The Phillips Collection has celebrated American art and artists since it opened to the public in 1921.
From the outset, Duncan Phillips intended that this gallery in the nation’s capital was to be a champion for the country’s artists. He devoted his life to finding, fostering, and collecting the very best of American art, particularly the work of living artists guided by their individual visions, rather than by popular trends. Over the course of 50 years Phillips built a world-class collection of nearly 2,000 works of modern art of which 1,400 were American, most of them acquired while the artists were alive and actively exhibiting.
The Phillips Collection’s in-depth holdings of American art is broad in scope, yet cannot be characterized as encylopedic. His romantic nature searched for the exceptional and the independent, often choosing to collect in-depth the work of certain artists, i.e., Milton Avery, Arthur Dove and John Marin, among many, while choosing one or two exceptional works for others like Thomas Eakins, Winslow Homer, and Edward Hopper. As a result, the collection of American works he assembled can be understood as revelatory of the changing character of American art in the 20th century. Phillips’s commitment propelled The Phillips Collection to become a leader in American art, with a collection of works that are deeply personal, yet connected to the great traditions of past and present. Phillips was determined to lift emerging American modernism out of obscurity, while also advocating for a creativity that expressed the country’s demographic and ethnic diversity. It was this “fusion of various sensitivities” and “unification of differences,” as Phillips described it, which was to be celebrated as the defining character of the nation’s art.
Made in the USA
In 2014, the Phillips presented the exhibition Made in the USA: American Masters from The Phillips Collection, 1850-1970, the most comprehensive on-site installation of the museum’s American collection ever undertaken.

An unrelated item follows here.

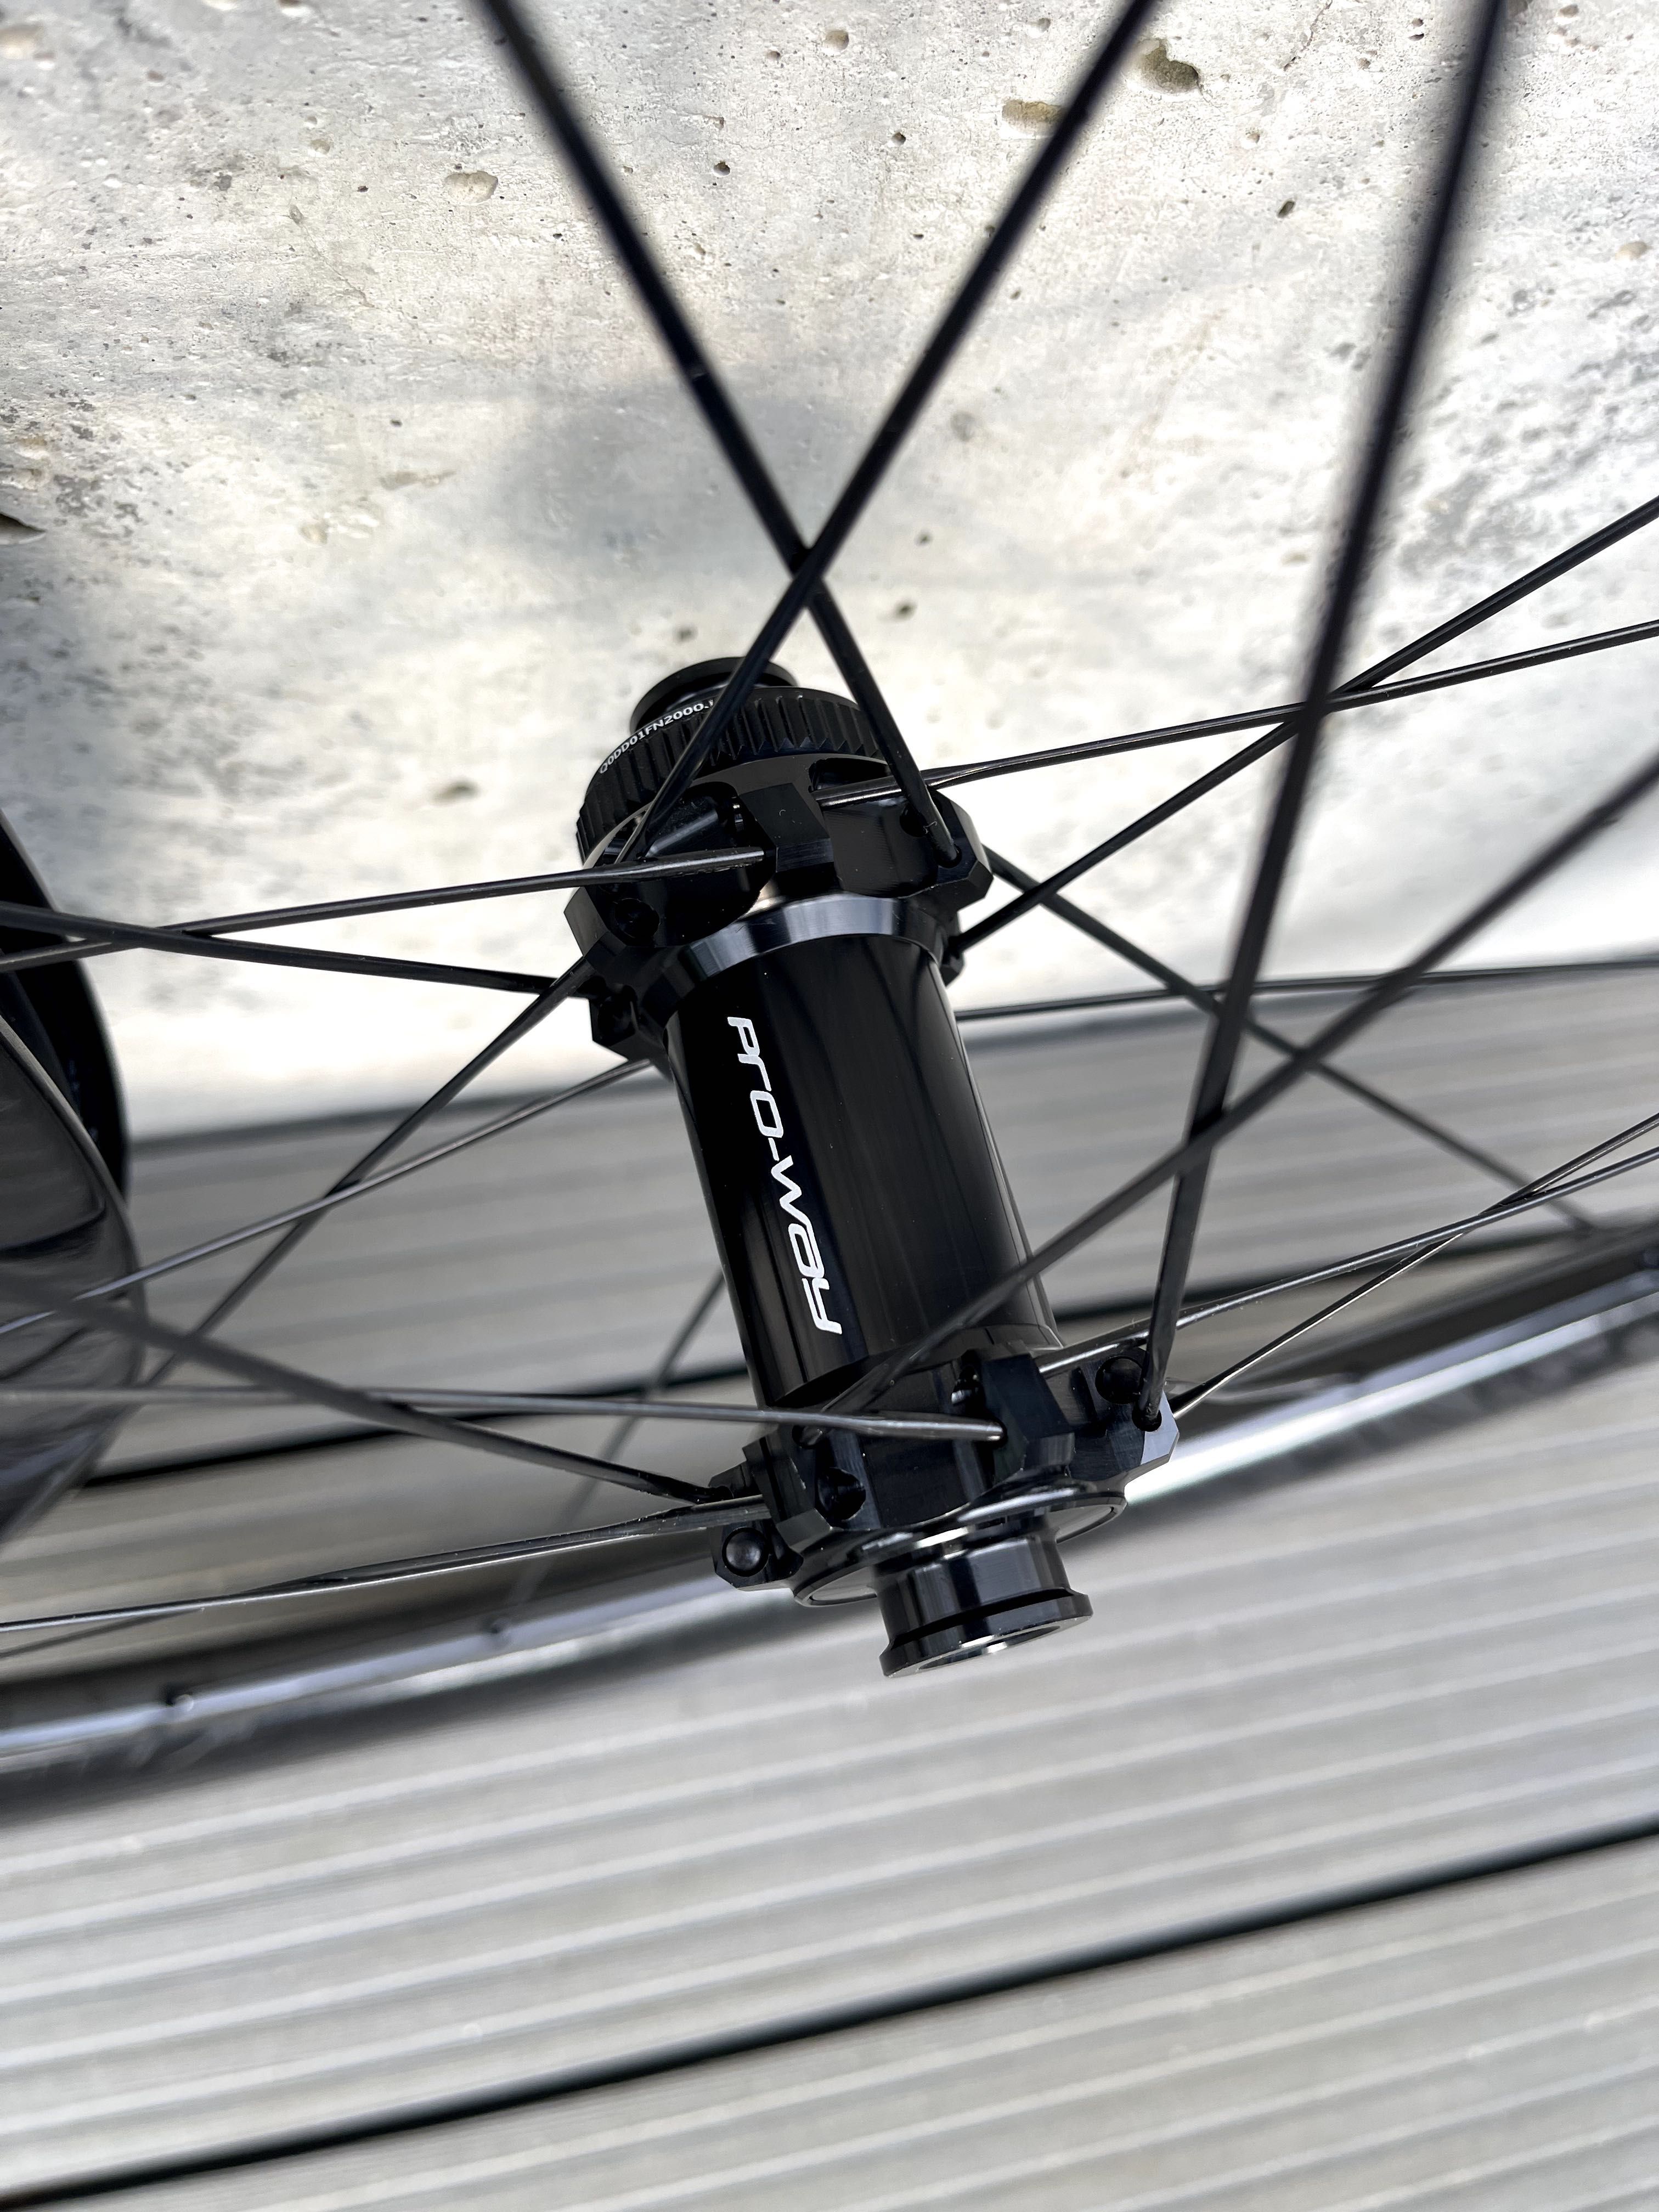 Koła szosowe carbon PRO-WAY TITANIUM 50mm MARBLE 1395g! (disc rower)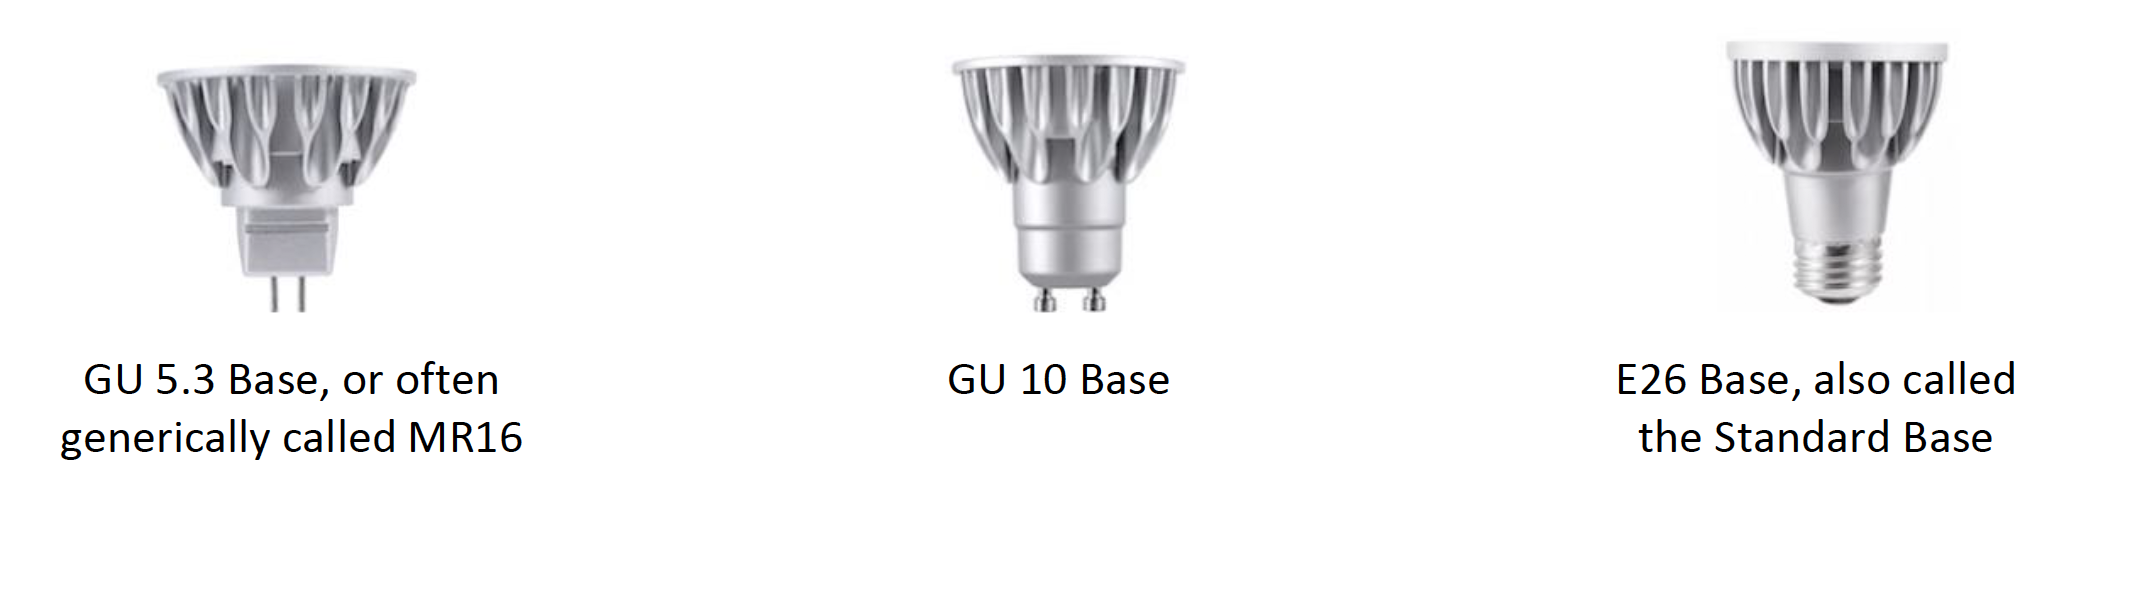 GU 5.3 base, or often generically called MR16 - GU 10 base - E26 base, also called the standard base

Phillips always wanted the museum to be a place where artists went to look at great art from the past as well as the art of their contemporaries. Artist Kenneth Noland said “going to the Phillips was like going to church” and admired not only the Klee Room, but Albert Pinkham Ryder’s Moonlit Cove, and the work of Arthur Dove and Georgia O’Keeffe. Richard Diebenkorn acknowledged that Henri Matisse’s Studio, Quai St. Michel had been “coming out in his work for decades” after having studied while stationed at Quantico during WWII and spoke reverently about his regular visits nearly every weekend to the Phillips which he stated was “a refuge, a sanctuary for me to absorb everything on those walls,” and Sam Gilliam, who was impressed by Augustus Vincent Tack’s Aspiration in the stairwell and also by Arthur Dove’s Flour Mill II.